Perché c’è la guerra, in Europa. Anche se tendiamo a dimenticarlo, preoccupati come siamo da altre crisi e altri eventi. La guerra in Ucraina è l’evento europeo più grave e pericoloso dalla fine della Seconda Guerra Mondiale, l’unico caso in cui un paese sovrano nel nostro continente viene invaso da una potenza nucleare, l’unico in cui l’uso di armi atomiche contro le nostre capitali viene ripetutamente minacciato in modo esplicito da Vladimir Putin.

“Putin dovrebbe accettare un accordo”

Trump la considera una priorità, ma non nel modo in cui la intendeva Joe Biden. Più che difendere gli aggrediti, intende porre fine alla guerra, il prima possibile. Ha usato aggettivi come “ridicolo”, “inutile”, per descrivere il conflitto in corso e le perdite che sta costando ad entrambe le parti.

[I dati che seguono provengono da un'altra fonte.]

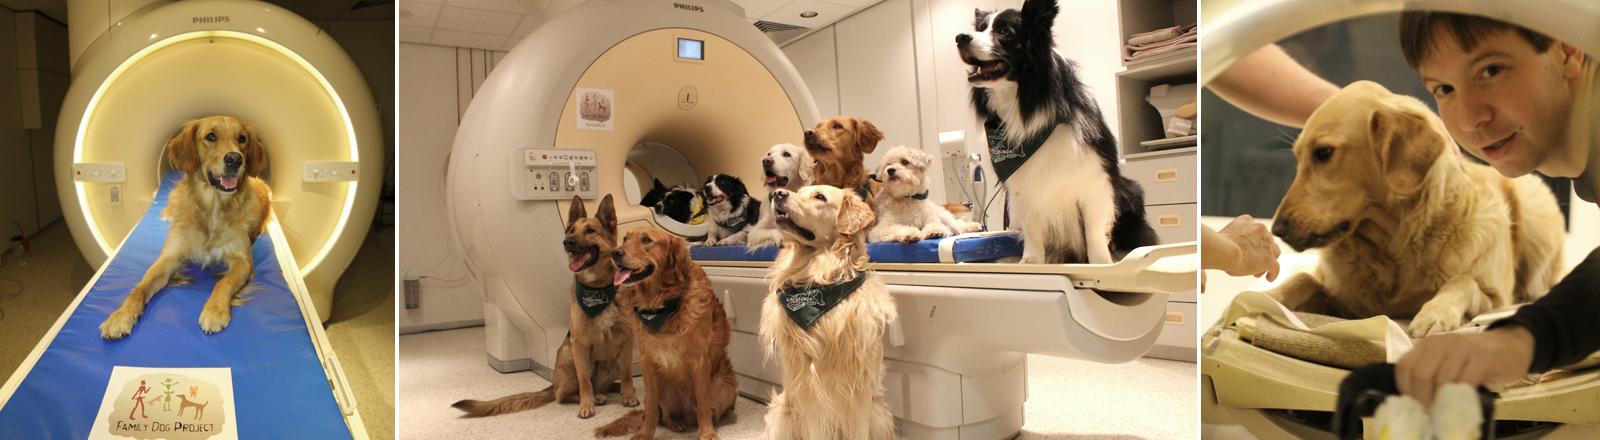 Sprachverständnis von Hunden wird im Kernspintomografen untersucht.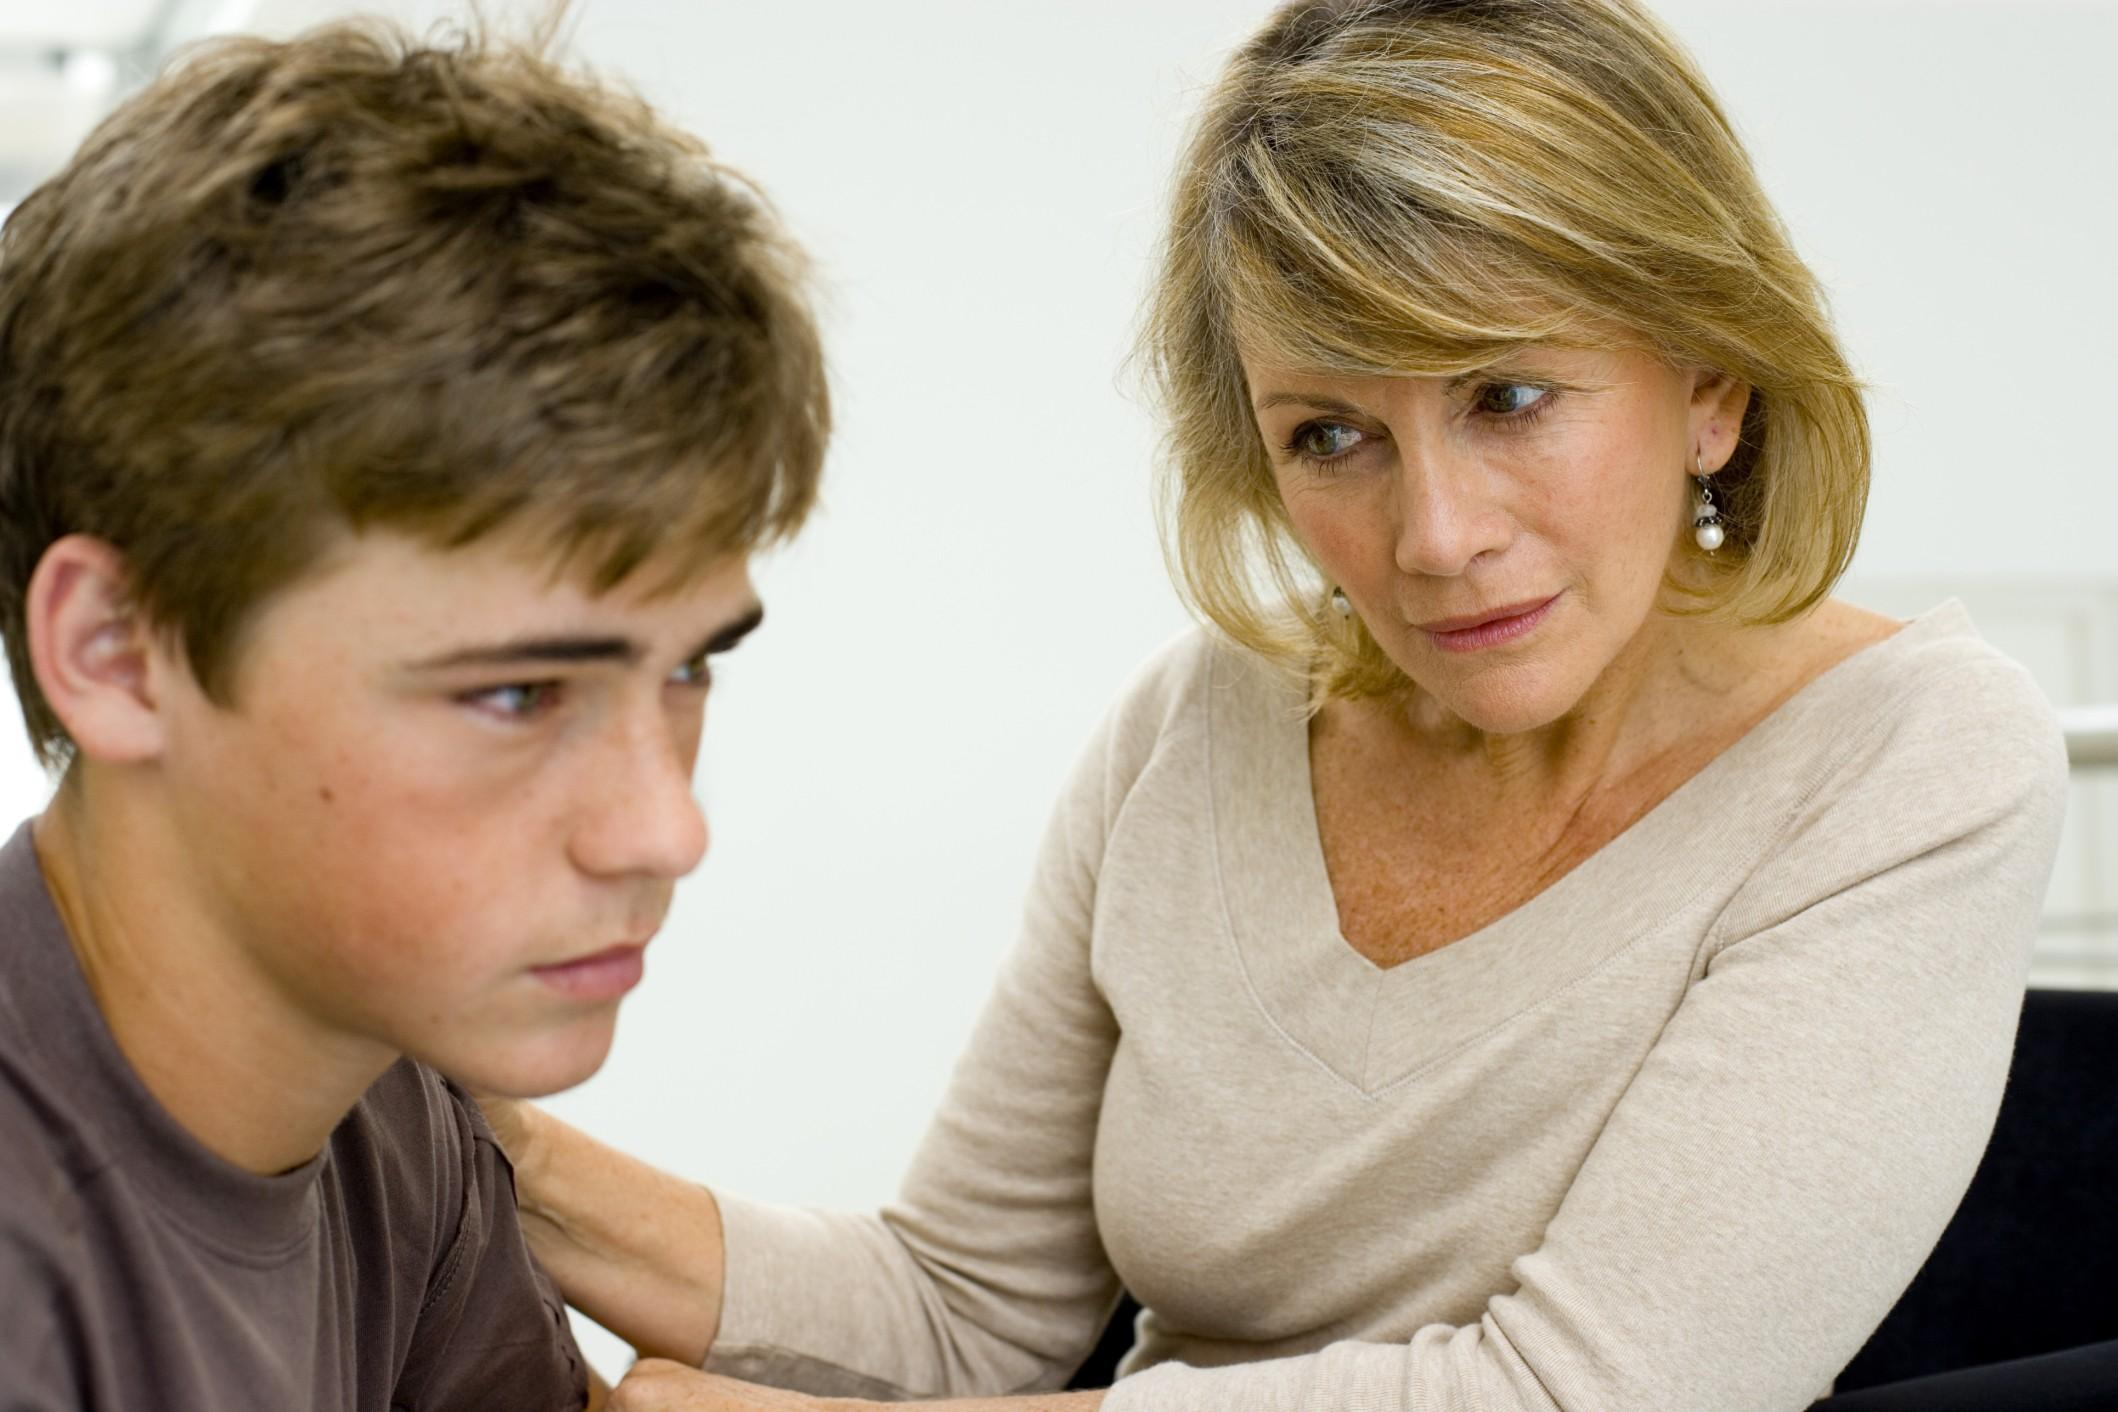 come-parlare-ad-un-figlio-adolescente_

In una risposta ai reporter, divenuta già oggetto di dibattito, il neo-presidente, intento a firmare i suoi primi ordini esecutivi, dichiara che Zelensky è pronto a firmare un accordo di pace. Ma dubita che Putin sia altrettanto desideroso di farlo. E allora lo avverte, indirettamente: “penso che dovrebbe firmarlo, perché distruggerebbe la Russia se non lo accettasse. Basta vedere all’economia e all’inflazione in Russia”. A una domanda precedente, il presidente americano aveva risposto dicendo che, secondo le stime, l’Ucraina avrebbe perso 700 mila uomini e la Russia 1 milione.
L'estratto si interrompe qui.